→ **Work instructions**
Your task is to restate word for word the lines in the material below, from the one with "Dématérialisation des services" up to and including the one with "富士グリーン株式会社は緑を守るお手伝いをいたします". Do not carry over the pictures.

→ **Data for analysis**
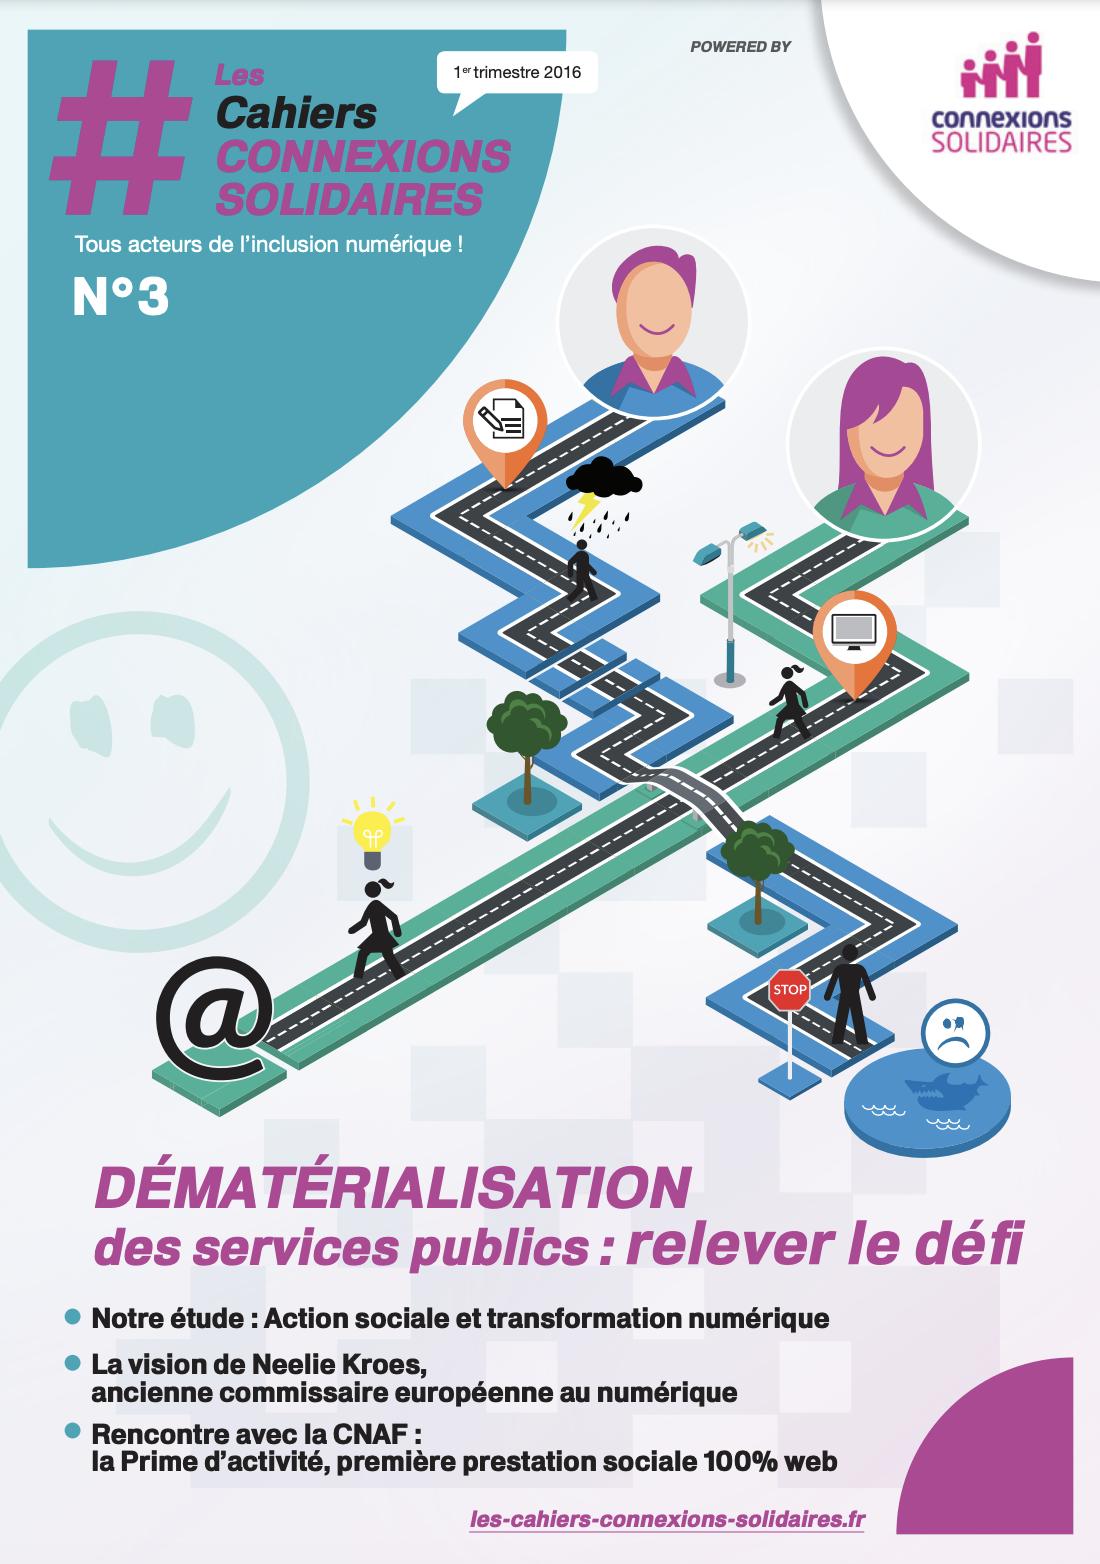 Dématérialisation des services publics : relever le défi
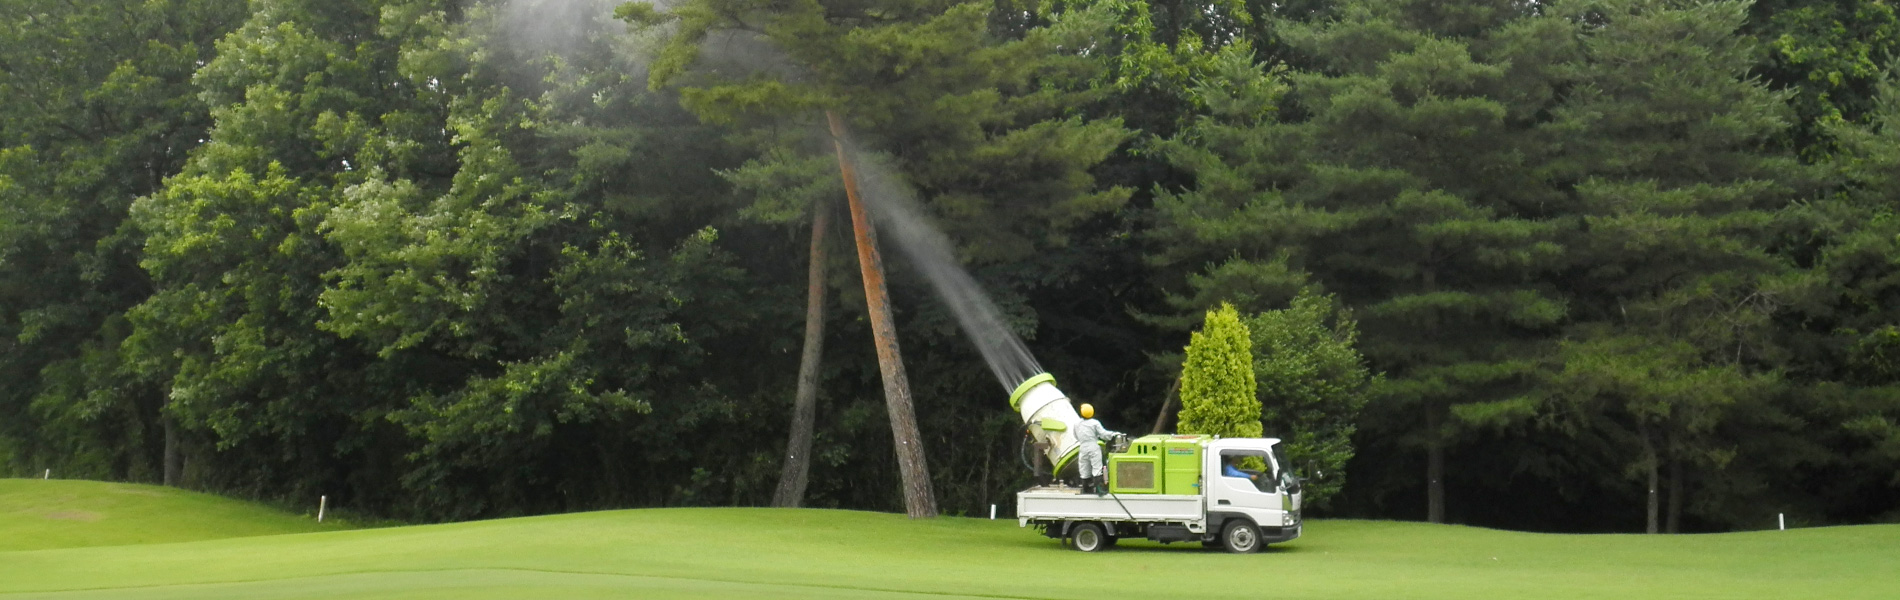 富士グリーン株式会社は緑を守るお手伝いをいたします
---
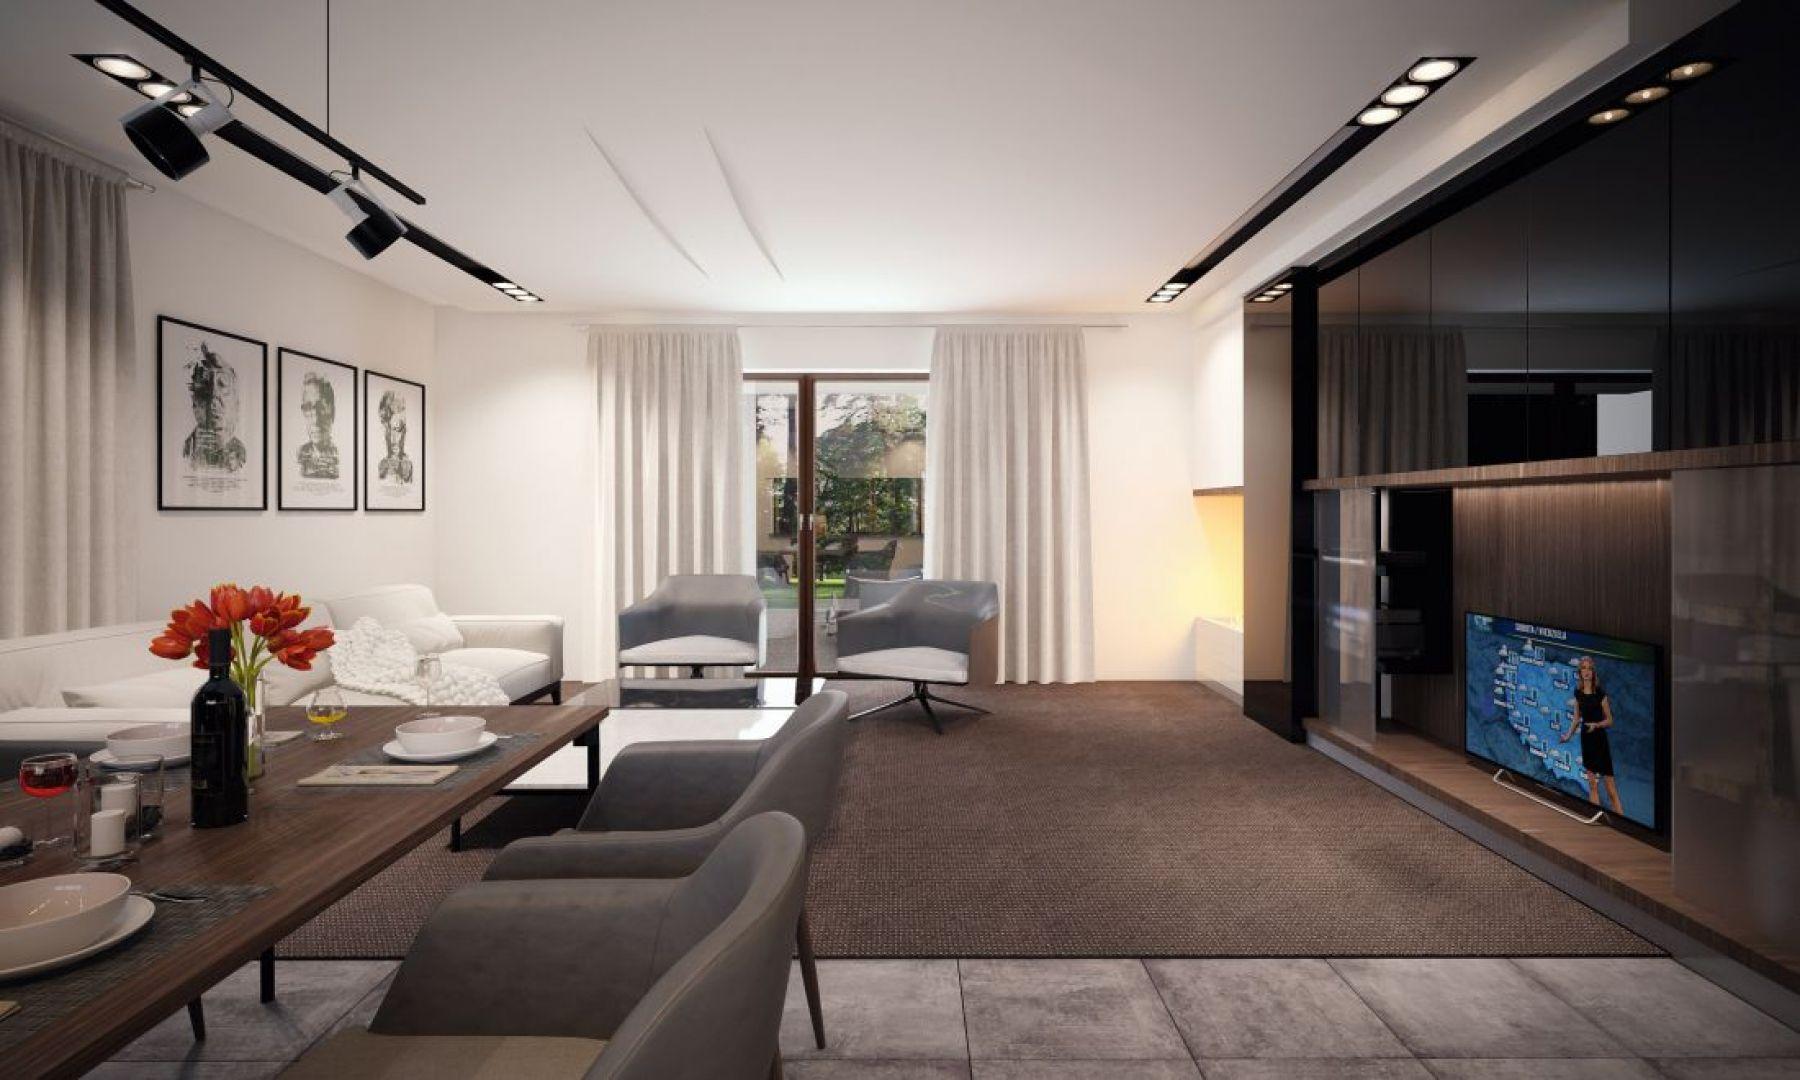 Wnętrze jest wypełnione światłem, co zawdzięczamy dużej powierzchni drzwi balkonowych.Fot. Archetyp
...
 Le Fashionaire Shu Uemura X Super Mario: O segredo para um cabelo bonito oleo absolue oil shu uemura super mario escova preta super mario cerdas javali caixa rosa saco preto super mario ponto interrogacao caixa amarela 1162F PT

→ **Response to this exercise**
 Dématérialisation des services publics : relever le défi
 富士グリーン株式会社は緑を守るお手伝いをいたします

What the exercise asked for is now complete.